We seek to compete fairly and honestly. We seek competitive advantages through superior performance, never through unethical or illegal business practices. Stealing proprietary information, possessing trade secret information that was obtained without the owner’s consent, or inducing such disclosures by past or present employees of other companies is prohibited. Each employee should respect the rights of, and deal fairly with, the Company’s customers, suppliers, competitors and employees. No employee should take unfair advantage of anyone through manipulation, concealment, abuse of privileged information, misrepresentation of material facts, or any other intentional unfair-dealing practice.
To maintain the Company’s valuable reputation, compliance with our quality processes and safety requirements is essential. In the context of ethics, quality requires that our products and services be designed and manufactured to meet our obligations to customers. All inspection and testing documents must be handled in accordance with all applicable regulations.
The purpose of business entertainment and gifts in a commercial setting is to create good will and sound working relationships, not to gain unfair advantage with customers. No gift or entertainment should ever be offered, given, provided or accepted by any Company employee, family member of an employee or agent unless it: (1) is not a cash gift, (2) is consistent with customary business practices, (3) is not excessive in value, (4) cannot be construed as a bribe or payoff and (5) does not violate any laws or regulations. Please discuss with our Chief Financial Officer any gifts or proposed gifts which you are not certain are appropriate.
The U.S. Foreign Corrupt Practices Act prohibits giving anything of value, directly or indirectly, to officials of foreign governments or foreign political candidates in order to obtain or retain business. It is strictly prohibited to make illegal payments to government officials of any country.
In addition, the U.S. government has a number of laws and regulations regarding business gratuities which may be accepted by U.S. government personnel. The promise, offer or delivery to an official or employee of the U.S. government of a gift, favor or other gratuity in violation of these rules would not only violate Company policy but could also be a criminal offense. State and local governments, as well as foreign governments, may have similar rules. The Company’s Chief Financial Officer can provide guidance to you in this area.

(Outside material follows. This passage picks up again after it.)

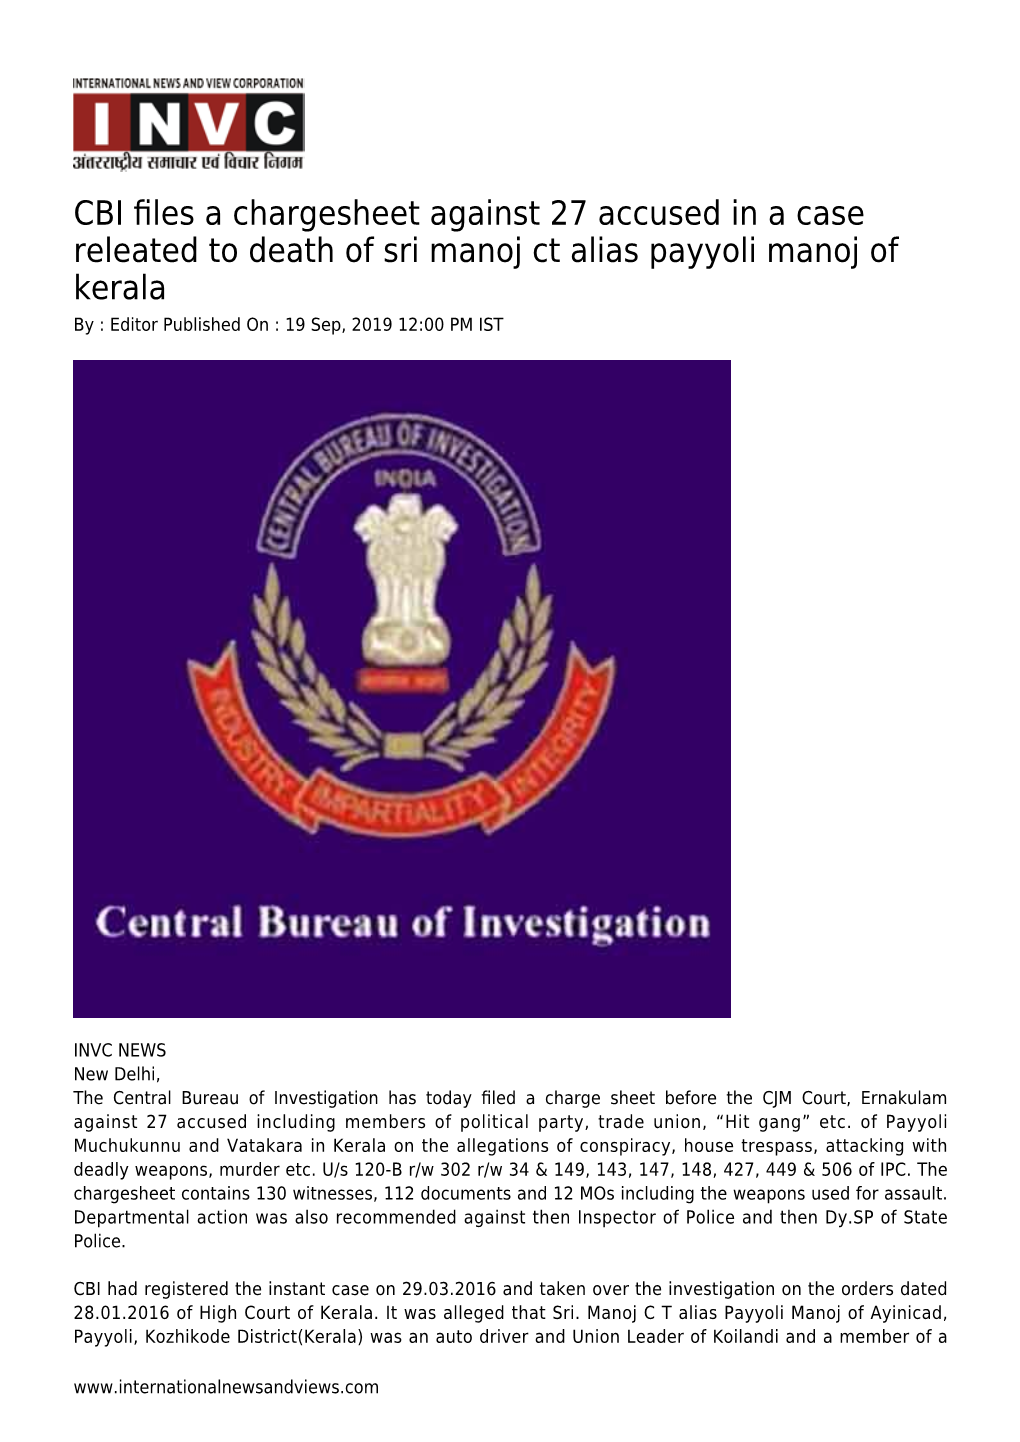 CBI Files a Chargesheet Against 27 Accused in a Case Releated to Death

Any waiver of this Code for executive officers or directors may be made only by our Board of Directors or a Board committee and may be promptly disclosed as required by law or trading market regulation.
Employees are encouraged to talk to supervisors or any of the Company’s executive officers about observed illegal or unethical behavior and when in doubt about the best course of action in a particular situation. It is the policy of the Company not to allow retaliation for reports of misconduct by others made in good faith by employees. Employees are expected to cooperate in internal investigations of misconduct.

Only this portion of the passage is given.